NASA streams cat video from deep, deep space

On Dec. 11, NASA engineers anxiously gathered at the Jet Propulsion Laboratory in Pasadena, California, to watch a cat video, wondering if it would be in the pristine high definition they expected.

To his relief, it was. For the first time, high-definition video – this one of a lab employee's cat named Taters – was streamed from 18.6 million miles away, or about 80 times the distance of the Moon from Earth, the farthest ever.

This demonstration was part of NASA Deep Space Optical Communications The experiment, which aims to improve the infrastructure for communications beyond Earth orbit. As an example, if humans were to go to Mars, large amounts of data would need to be transmitted over long distances. This demonstration is another step toward such a possibility.

“This would be similar to the capability you would want if you were sending an astronaut to the surface of Mars or something like that,” said project technologist Dr. Abhijit Biswas. “You want to keep in constant contact with them.”

The demonstration was done with the help of NASA's Psyche spacecraft, which was launched on October 13 with the aim of exploring an asteroid of the same name. The DSOC experiment is using laser communications as opposed to traditional radio frequencies in an effort to transfer large amounts of data at faster speeds over greater distances. (Video of Tatars chasing a laser pointer. In 1928, a statue of the cartoon character Felix the Cat was used for testing) television broadcast,

Transmitted data rates of 267 megabits per second are comparable to rates on Earth, which are often between 100 and 300 megabits per second. But Dr. Vishwas urged caution regarding the consequences of the demonstration.

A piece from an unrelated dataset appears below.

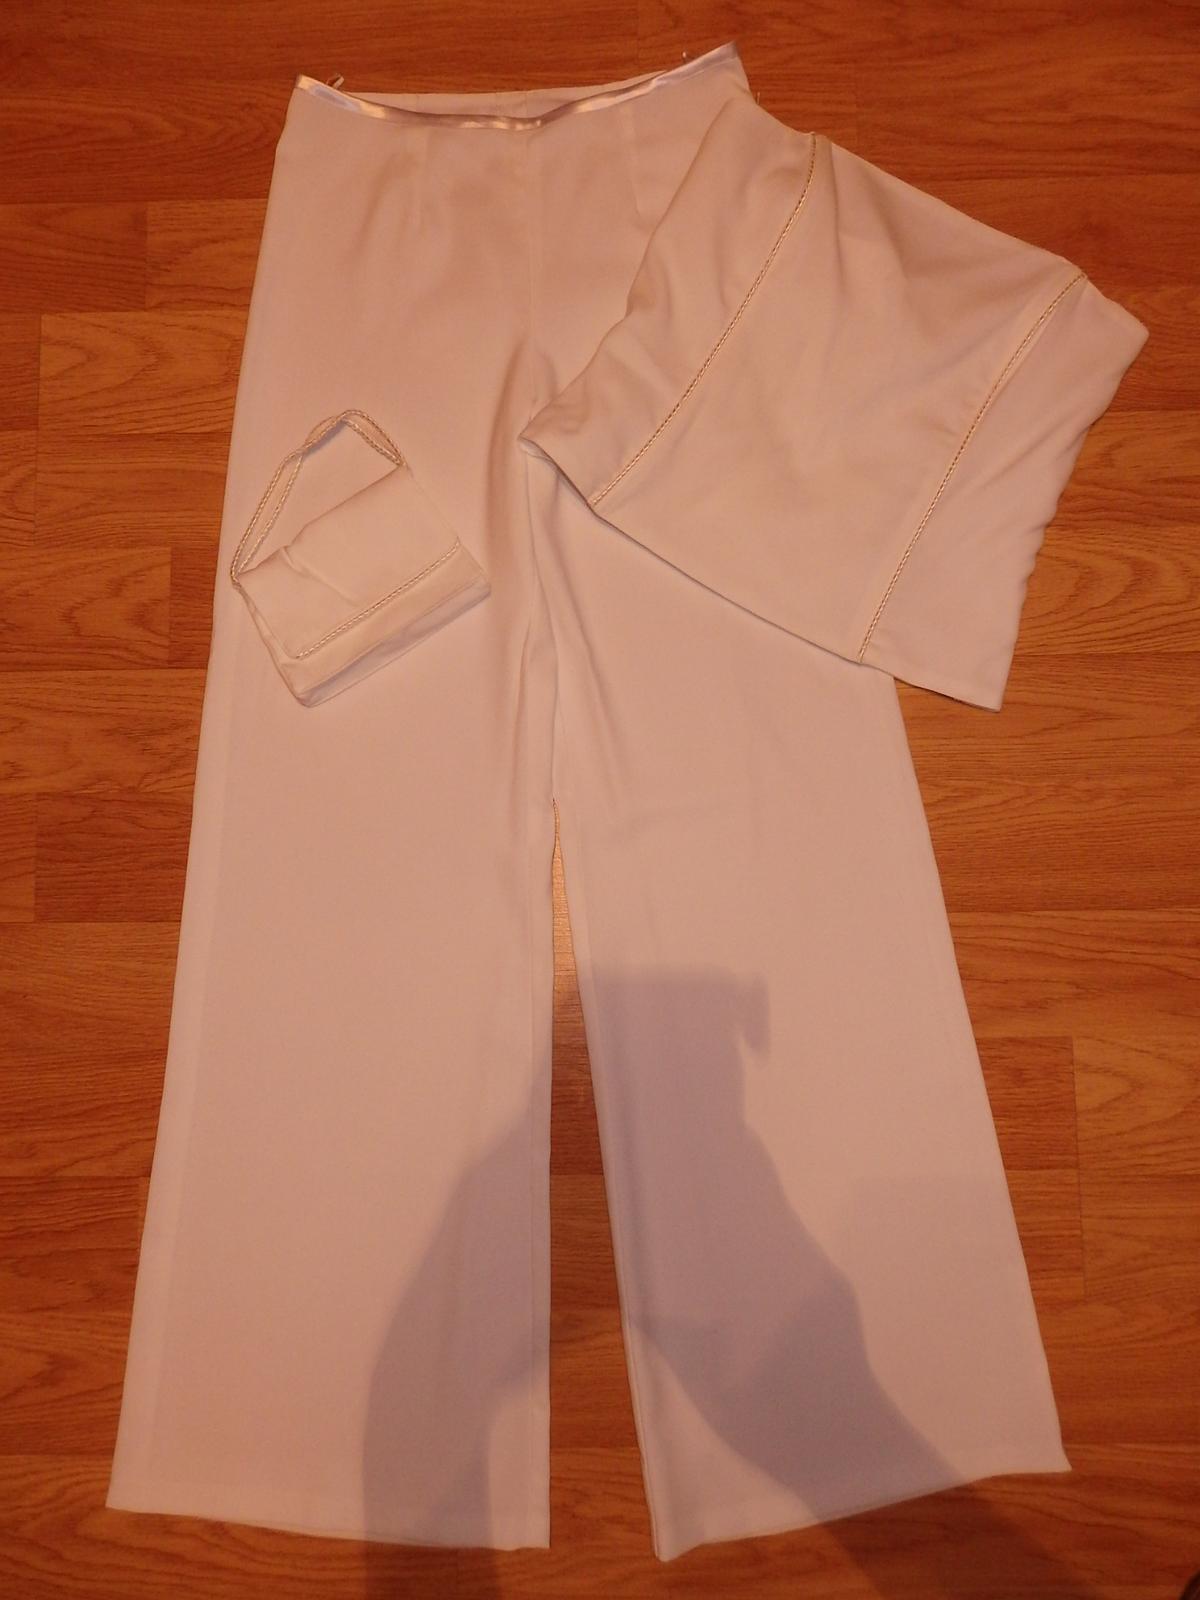 biely nohavicový kostým - Obrázok č. 3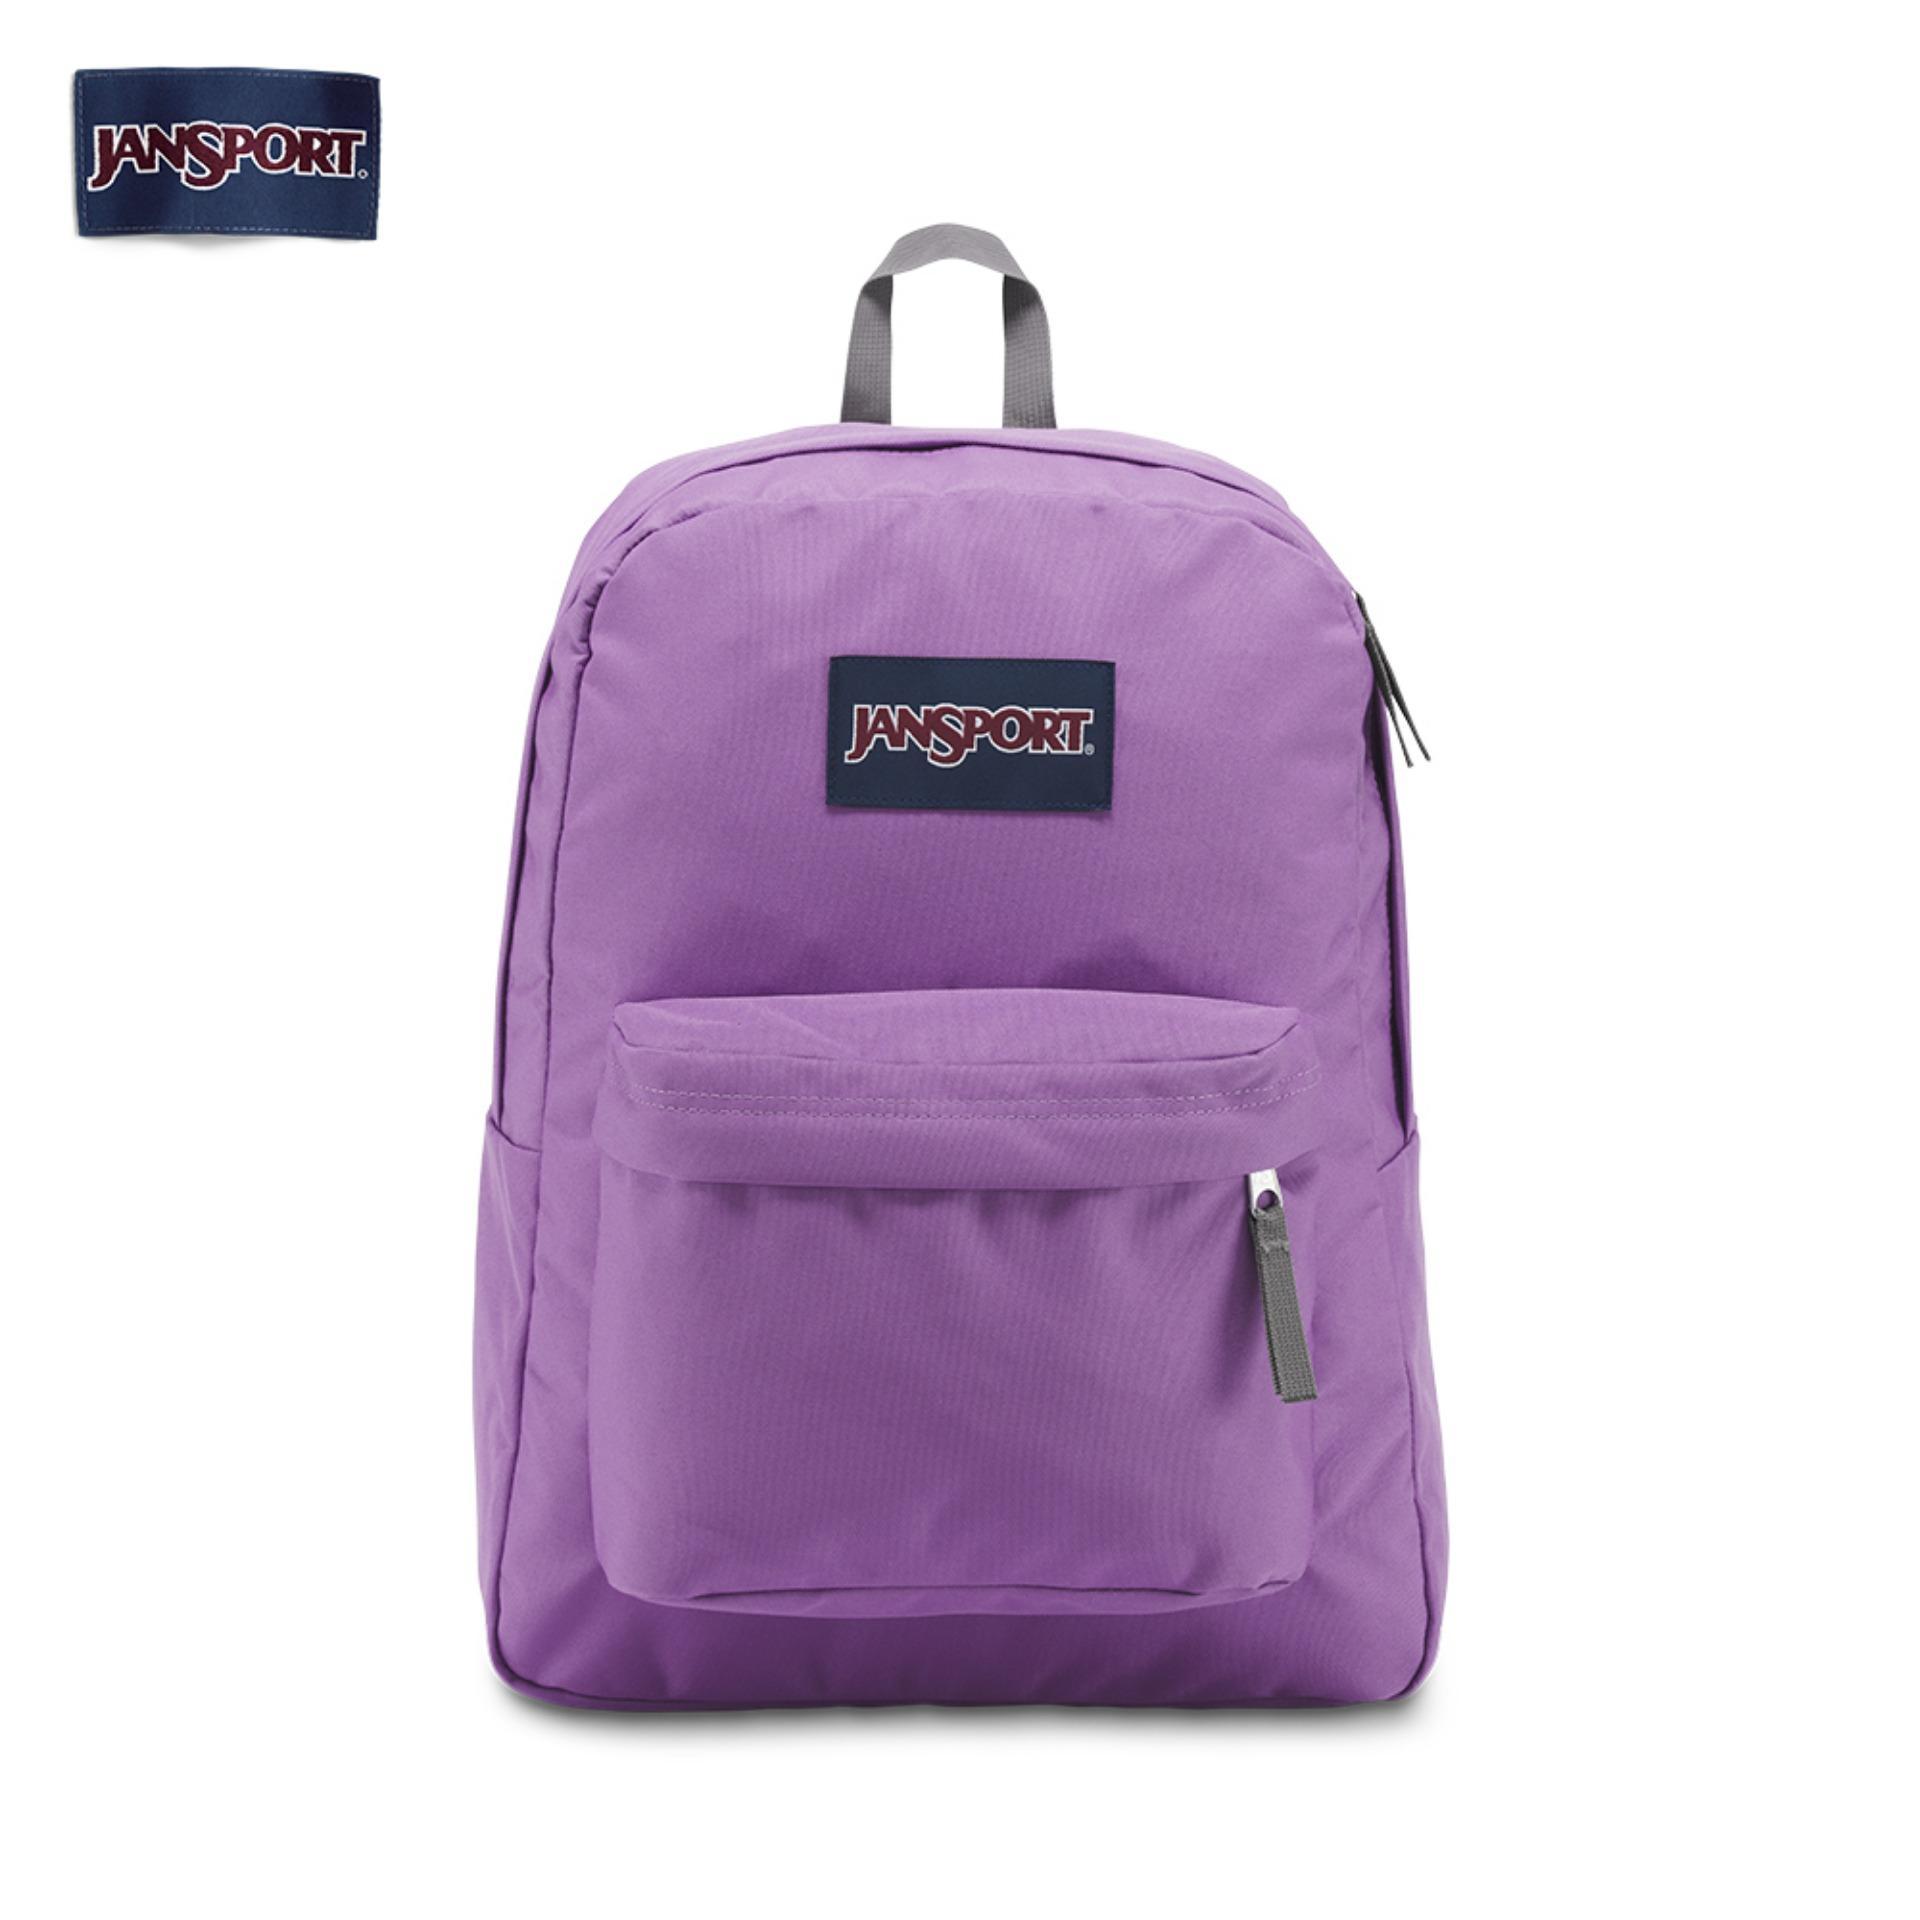 2a276297477 JanSport Philippines  JanSport price list - JanSport Bags   Backpacks for  sale   Lazada

“This is a first step,” he said. “There are still significant requirements for ground infrastructure and things like that to turn this from a proof of concept into something that is operational and reliable.”

The video was broadcast using flying laser transceiver, one of several pieces of new hardware being deployed for the first time. The DSOC system is composed of three parts: the transceiver, which was installed on the Psyche spacecraft, and two components on Earth: a ground laser transmitter (about a 90-minute drive from the laboratory) and a ground laser receiver at Palomar Observatory in Southern California. .

“It's a bit shocking that you're able to do all that in the end,” said Dr. Meera Srinivasan, the project's head of operations.

Dr. Biswas and Dr. Srinivasan, along with other NASA engineers, have been working to develop this technology for decades. The focus was on enhancing optical communications technology that was already being used on satellites orbiting very close to Earth. Initially, before the Psyche mission, the team faced obstacles because the signal was very weak. So NASA developed technologies to enhance capabilities. Deep space, Dr. Biswas said, is “the new frontier.”

To begin the process for CAT video, the ground transmitter first sent the laser beam up. The aim must be accurate. Psyche then locked on to that signal and sent the content, which was preloaded by the NASA team, back to the receiver. For the transmission to work, it needed to be done during a cloud-free night, allowing a reasonable line of sight.

“There are lots of small steps,” Dr. Biswas said. “Everyone has to come to their place at the right time. And that's the scary part because we're doing it for the first time. This has not been done before. It's not like, 'Oh, we know that if you do this, that will happen.' We are working on all these things in our own way.

He added: “And then once it all works, it seems like it's very easy. Why were we worried in the first place?”

Now, the DSOC project is out to test their limits. At the end of June, NASA engineers hope to be able to transmit over 10 times that distance: 186 million miles.